A US class action lawsuit accusing India’s Ranbaxy of large-scale deception on its generic drug applications puts a question mark on drug imports from India, the largest supplier of generic drugs to the US.
The problem of lack of compliance with US Food and Drug Administration (FDA) guidance and gaps in protocol make it difficult to buy generics from pharma companies in India, which supply at least 40 percent of all generics in the US, according to biopharmadive.com.
The latest class action lawsuit against Ranbaxy, recently purchased by Sun Pharma in a $3.2 billion deal, was filed by US retailer Meijer in district court in Massachusetts.
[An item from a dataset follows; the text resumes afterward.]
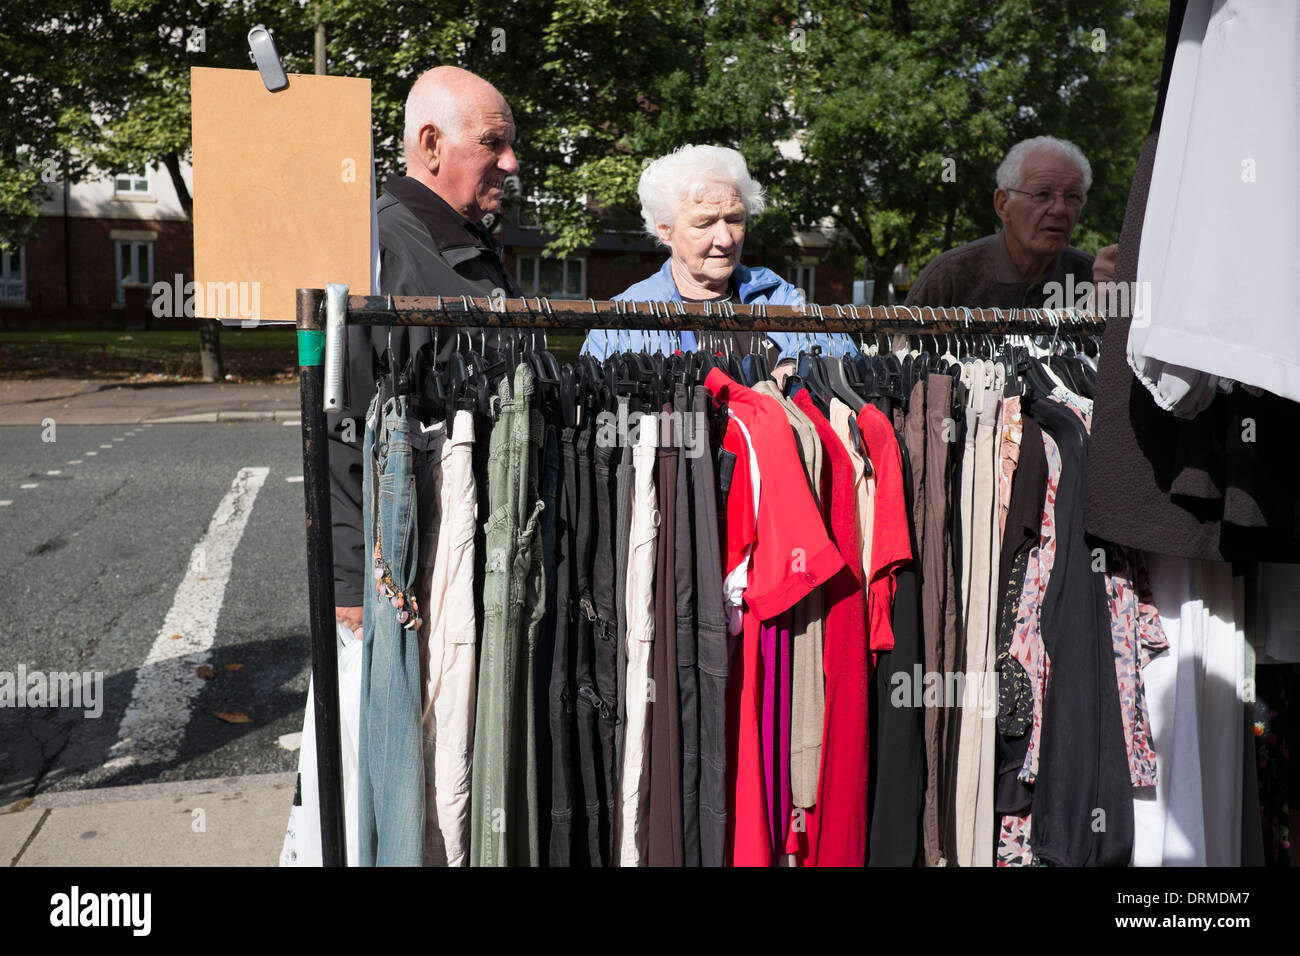 Old people clothes shopping market cheap clothing Stock Photo

It seeks damages and monetary relief on behalf of all direct purchasers of drugs in cases where cheaper generics were not able to be introduced due to Ranbaxy securing the approvals under allegedly dubious premises.
The six-month period of exclusivity that comes with such approvals effectively shut other companies out of the market.
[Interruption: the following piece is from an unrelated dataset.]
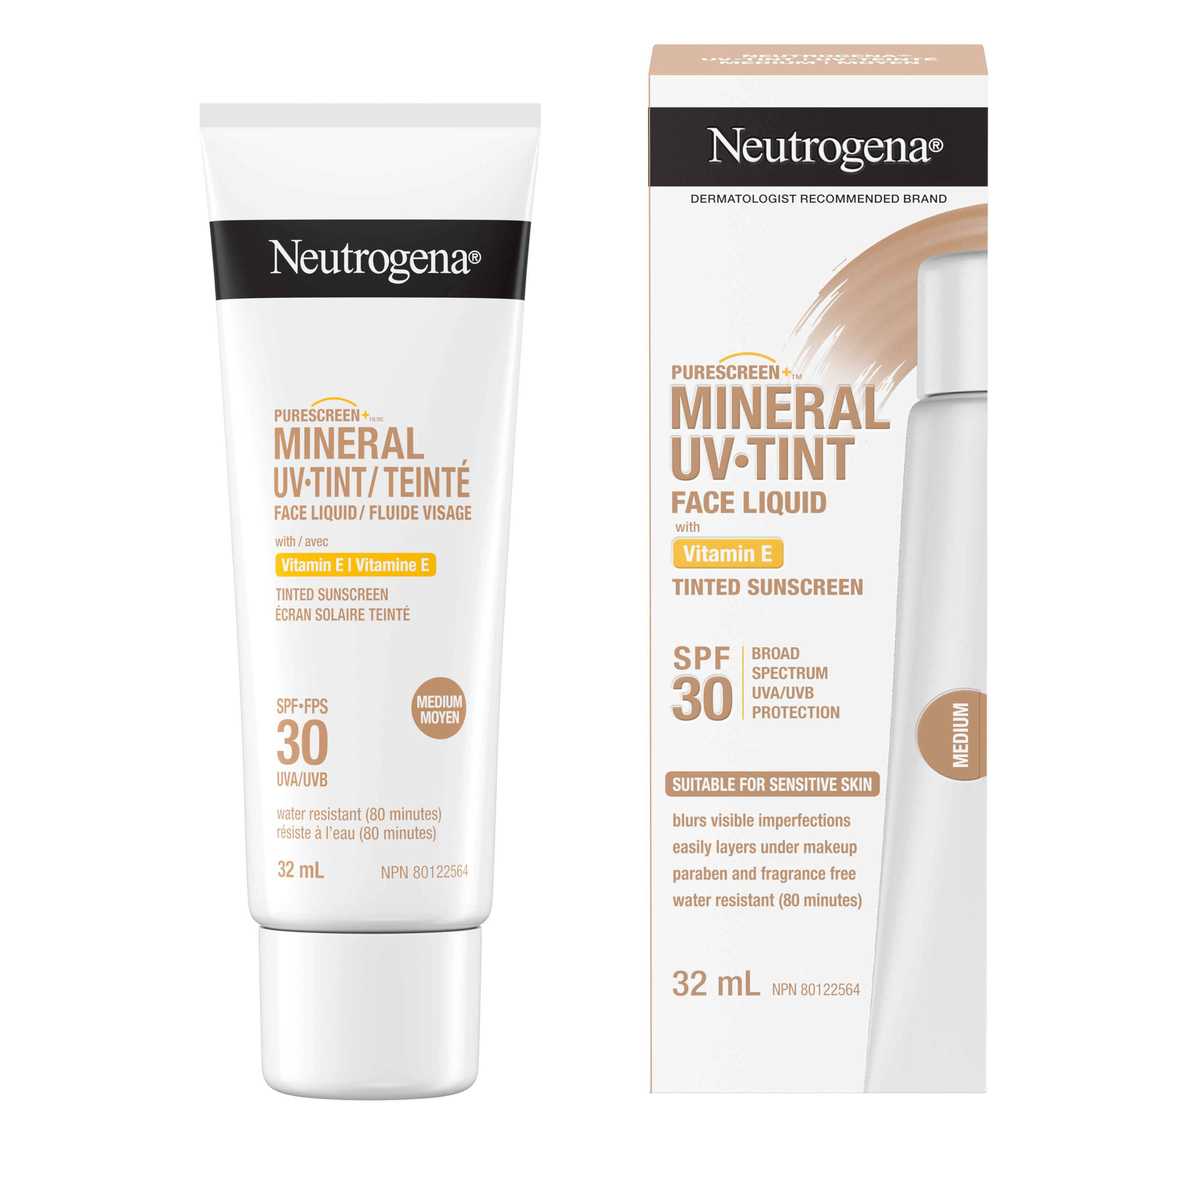 Front shot of NEUTROGENA® Purescreen+™ Mineral UV Tint Face Liquid Sunscreen, Medium, SPF 30, 32 mL squeeze tube and its packaging

In 2013, Ranbaxy faced civil and criminal fines of $500 million in a settlement with the US related to claims that it sold substandard drugs and also made false statements to the FDA about its adherence to quality-control standards at its manufacturing plants, biopharmadive recalled.
In addition, Ranbaxy has been subjected to wider scrutiny and oversight from the FDA, which has resulted in a US import ban on all Ranbaxy drugs.
Also, in November 2014, the FDA stripped Ranbaxy of a tentative approval of generic Valcyte, dating back to 2008, it said.